A recent example came in November, when a Qantas Airbus A380 had to make an emergency landing in Singapore. News agencies scrambled amid reports the plane had crashed in Indonesia.

A tweet from Singapore-based businessman Ulf Waschbusch set things straight: “Just emergency landed back in Singapore after engine two blew up at take-off and parts ripped through wings. Damn.”

The tweet was accompanied by this picture, http://yfrog.com/0quh4dj, and tagged with a location from Singapore’s Changi Airport. Waschbusch’s Twitter profile pointed to his website, which in turn featured his resume and phone number. Several media outlets managed to locate him thanks to his tweet, and he was one of the first to appear on CNN with details of the incident. You can see his tweet here: http://twitter.com/ulfw/status/29637787592.

So how might you have found the tweet and then found the tweeter? Here are some options:

TWITTER SEARCH
The easiest and quickest way is through Twitter’s dedicated search page. A well-constructed search should help you find the information you need, especially in the initial moments of a breaking tale. “Singapore emergency” might have picked up the Airbus tweet, but only before thousands of Twitter users began relaying the news from media outlets.

Sometimes those repeated tweets can help, however. Twitter users love spreading information, so a hot tweet like Wasch-busch’s might have been quickly copied and repeated, making it easier to uncover.

GOOGLE REALTIME
Google has its own social media search engine, Google Realtime, located at www.google.com/realtime. Google Realtime doesn’t have as many bells and whistles as some other sites, but its Twitter search interface is fast and clean and allows users to restrict searches to a geographical area.

GEO-TAGGING
The latest buzz-tech in social media is geo-tagging – embedding an exact or approximate location alongside a message or photo. Many cell phones include a GPS satellite-positioning chip, and that data is typically used to pinpoint a location. A reporter looking for sources can use the location data to differentiate between people close to the action and those simply repeating information from other sources.

BING MAPS
Perhaps one of the quickest ways to dig into Twitter’s geo-tagged tweets is through Microsoft’s Bing Maps, which you can access at www.bing.com/maps/explore/. Click on “maps apps” in the lower left-hand corner to find the Twitter app. This will show geo-tagged tweets in the map area displayed. You can move around the map and it will update dynamically. You can search local tweets or choose to display just those with images. There’s also an archive.

FLICKR
Another site that exploits geo-tagging is the photo-sharing website Flickr. Access www.flickr.com/map/ and take a virtual tour around the world to check it out.

CAUTION REQUIRED
As with any reporting from a distance, you should take extra care when mining Twitter to make sure you’re not falling prey to pranksters or misinterpreting a message. It’s easy for people to say they are in one place when in fact they are somewhere else. It’s also easy to get a Skype phone number in one country and pretend to be there. Fortunately, such instances are rare.

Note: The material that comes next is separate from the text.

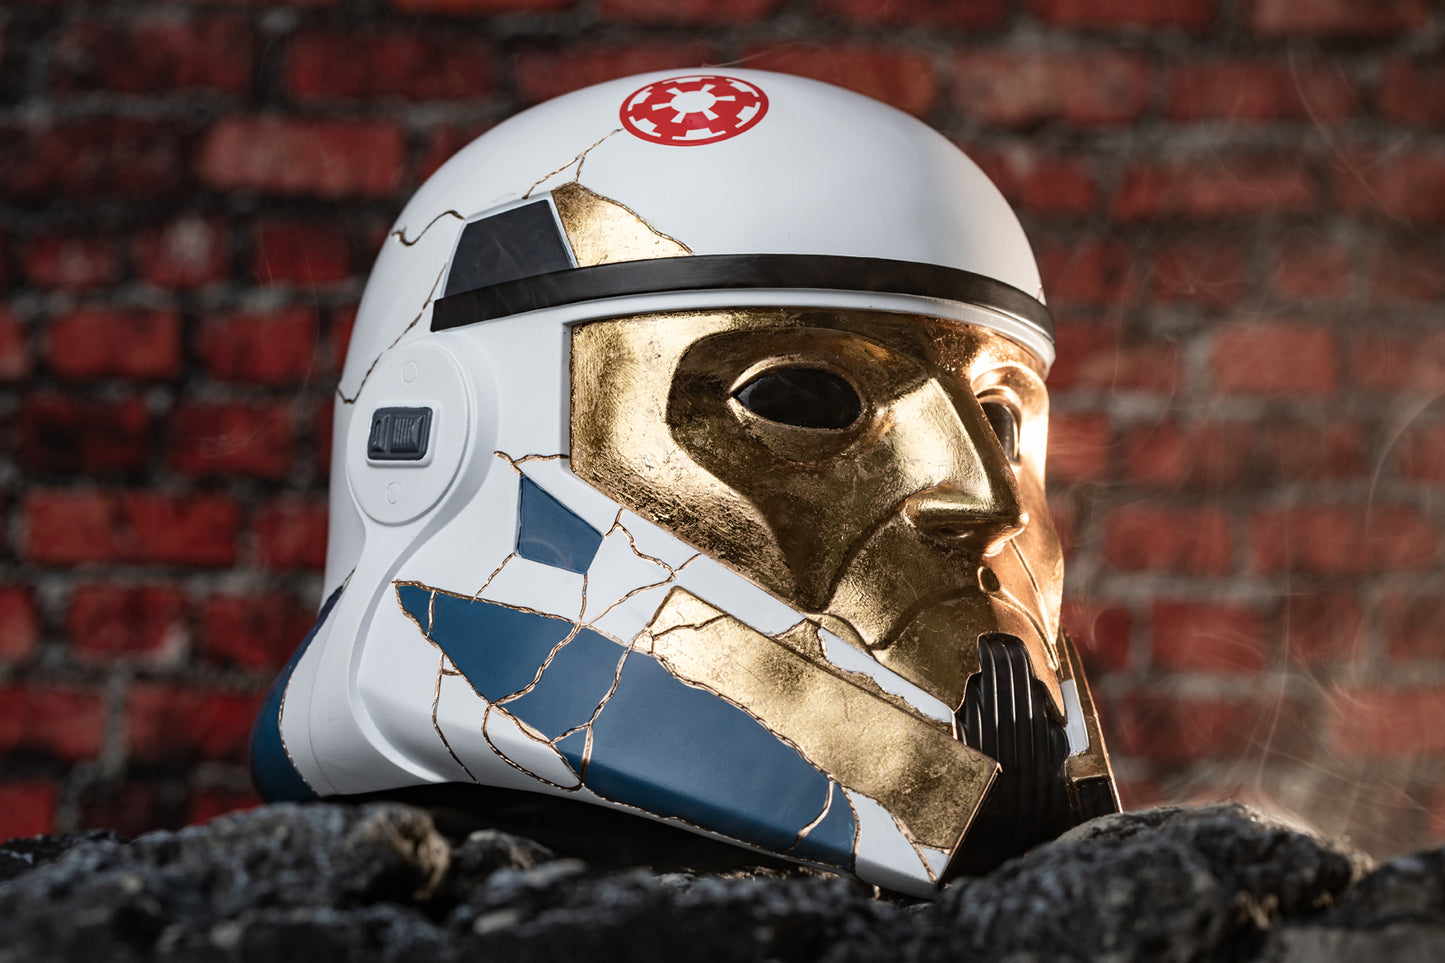 【Neu eingetroffen】Xcoser 1:1 Star Wars Ahsoka Captain Enoch Helmet Cosplay Props Resin Replicas

To help guard against these unforced errors, get to know Twitter before you use it for reporting. Starting an account and sending out tweets is a perfect way to do that. Even if you don’t want to send out tweets, you can create an account and follow others.

Your organization should have a policy on Internet and social media-sourced reporting (and if it doesn’t, you should push for one). Familiarize yourself with those guidelines and with social media, and you should find the latter an invaluable way to reach sources when news breaks. ❶

Martyn Williams is Tokyo bureau chief for IDG News Service and covers the vibrant IT and consumer electronics industries in Japan and South Korea in both text and video.